Reputation: 189
I have a DocumentTermMatrix and I´d like to replace specific terms in this document and to create a frequency table.
The starting point is the original document as follows:
library(tm)
library(qdap)
df1 <- data.frame(word =c("test", "test", "teste", "hey", "heyyy", "hi"))
tdm <- as.DocumentTermMatrix(as.character(df1$word))
When I create a frequency table of the original document I get the correct results:
freq0 <- as.matrix(sort(colSums(as.matrix(tdm)), decreasing=TRUE))
freq0
So far so good.
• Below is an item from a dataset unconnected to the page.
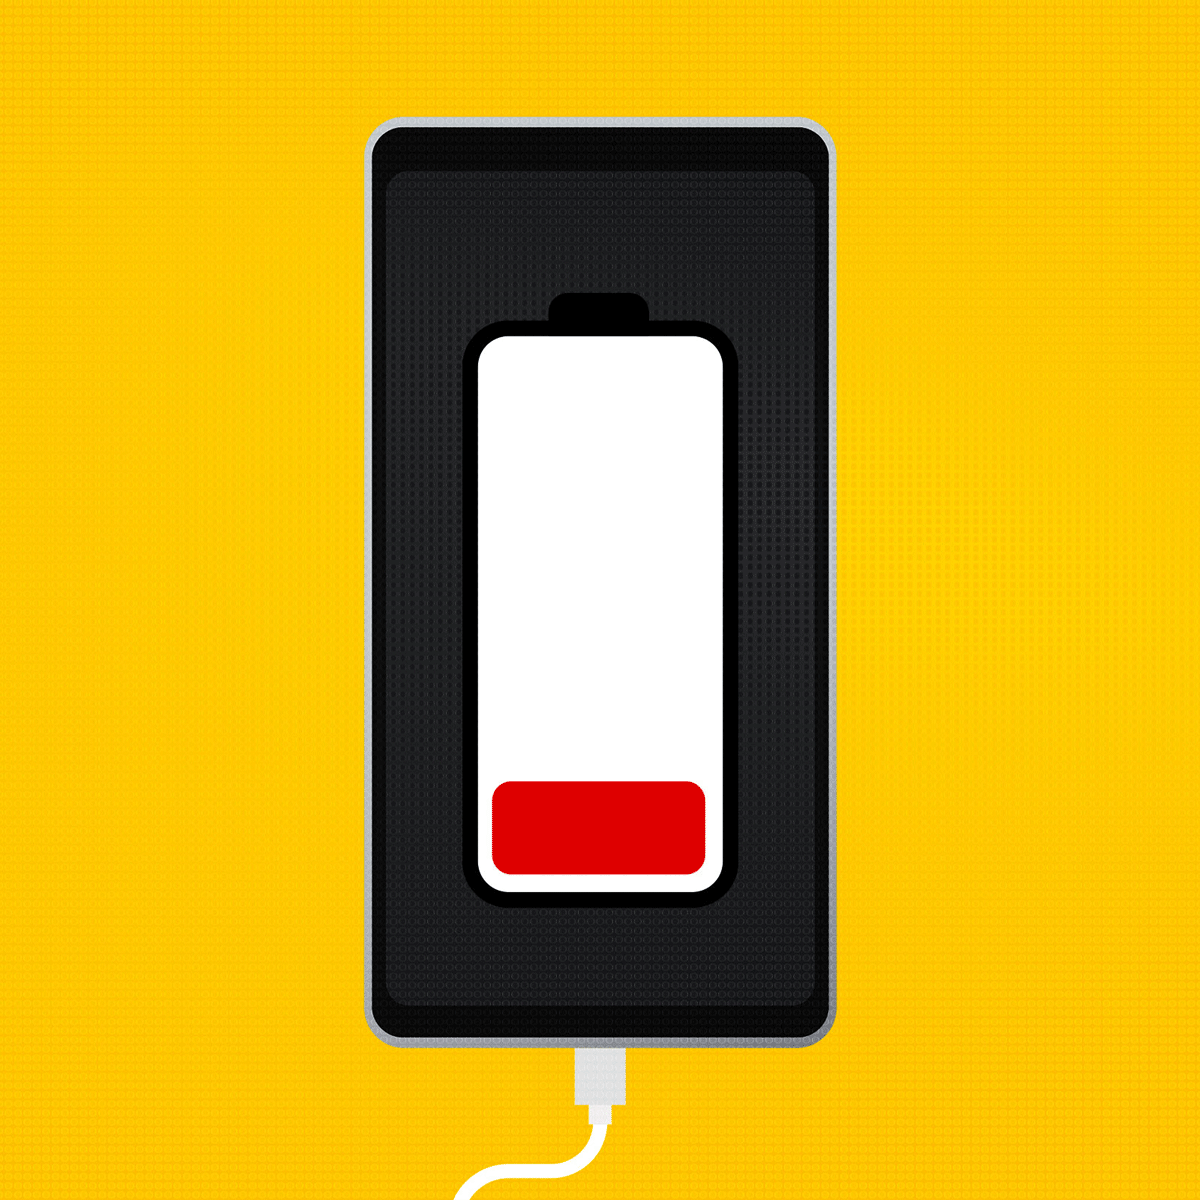 How to Make Your Phone Charge Faster: 14 Tips from Tech Pros

However, if replace some terms in the document then the new frequency table gets wrong results:
tdm$dimnames$Terms <- mgsub(c("teste", "heyyy"), c("test", "hey"), as.character(tdm$dimnames$Terms), fixed=T, trim=T)
freq1 <- as.matrix(sort(colSums(as.matrix(tdm)), decreasing=TRUE))
freq1
Obviously or perhaps some indexing in the document is wrong because even same terms are not regarded as identical while counting the terms.
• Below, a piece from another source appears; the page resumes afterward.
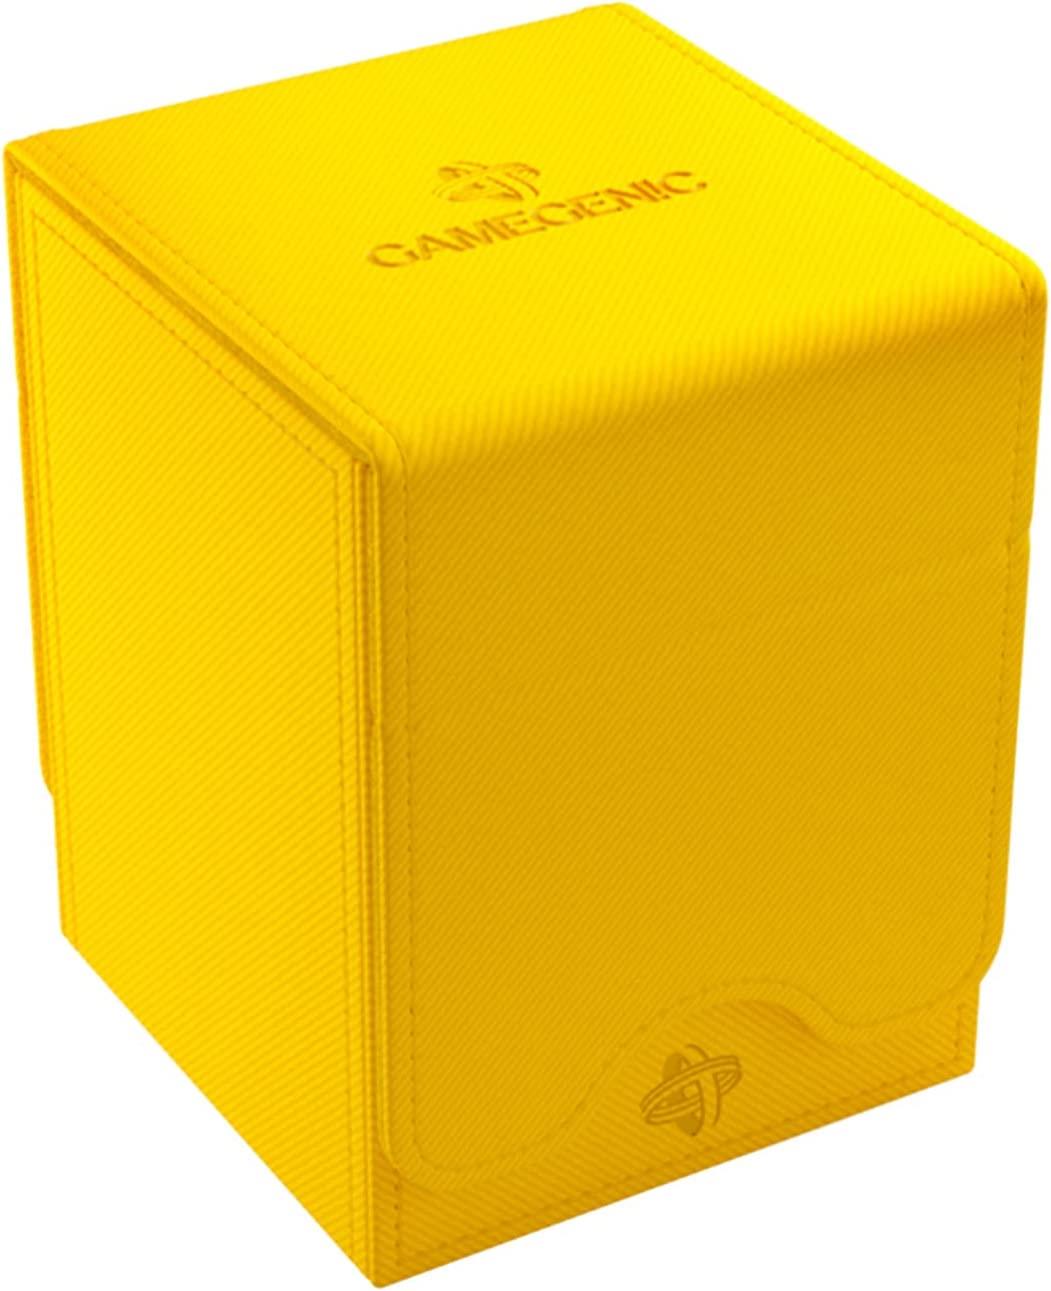 Squire 100+ XL - Yellow    TCG Gamegenic

This outcome should be the ideal case:
df2 <- data.frame(word =c("test", "test", "test", "hey", "hey", "hi"))
tdm2 <- as.DocumentTermMatrix(as.character(df2$word))
tdm2$dimnames$Terms <- mgsub(c("teste", "heyyy"), c("test", "hey"), as.character(tdm2$dimnames$Terms), fixed=T, trim=T)
freq2 <- as.matrix(sort(colSums(as.matrix(tdm2)), decreasing=TRUE))
freq2
Can anyone help me to figure out the problem?
Thx in advance
Upvotes: 2
Views: 249
Reputation: 887501
We can look at the structure of as.matrix(tdm)
str(as.matrix(tdm))
#num [1, 1:5] 1 1 1 2 1
# - attr(*, "dimnames")=List of 2
# ..$ Docs : chr "all"
# ..$ Terms: chr [1:5] "hey" "heyyy" "hi" "test" ...
which is one row, 5 column matrix, so colSums
is basically not doing anything.
xtabs(as.vector(tdm)~tdm$dimnames$Terms)
#tdm$dimnames$Terms
# hey heyyy hi test teste
# 1 1 1 2 1
and after replacing using mgsub
xtabs(as.vector(tdm)~tdm$dimnames$Terms)
#tdm$dimnames$Terms
# hey hi test
# 2 1 3
The xtabs
does the sum
of the vector
. This can also be done with tapply
tapply(as.vector(tdm), tdm$dimnames$Terms, FUN = sum)
If the number of rows are greater than 1, we can use colSums
tapply(colSums(as.matrix(tdm)), tdm$dimnames$Terms, FUN = sum)
# hey hi test
# 4 2 6
NOTE: The above output is after we made the changes with mgsub
Upvotes: 2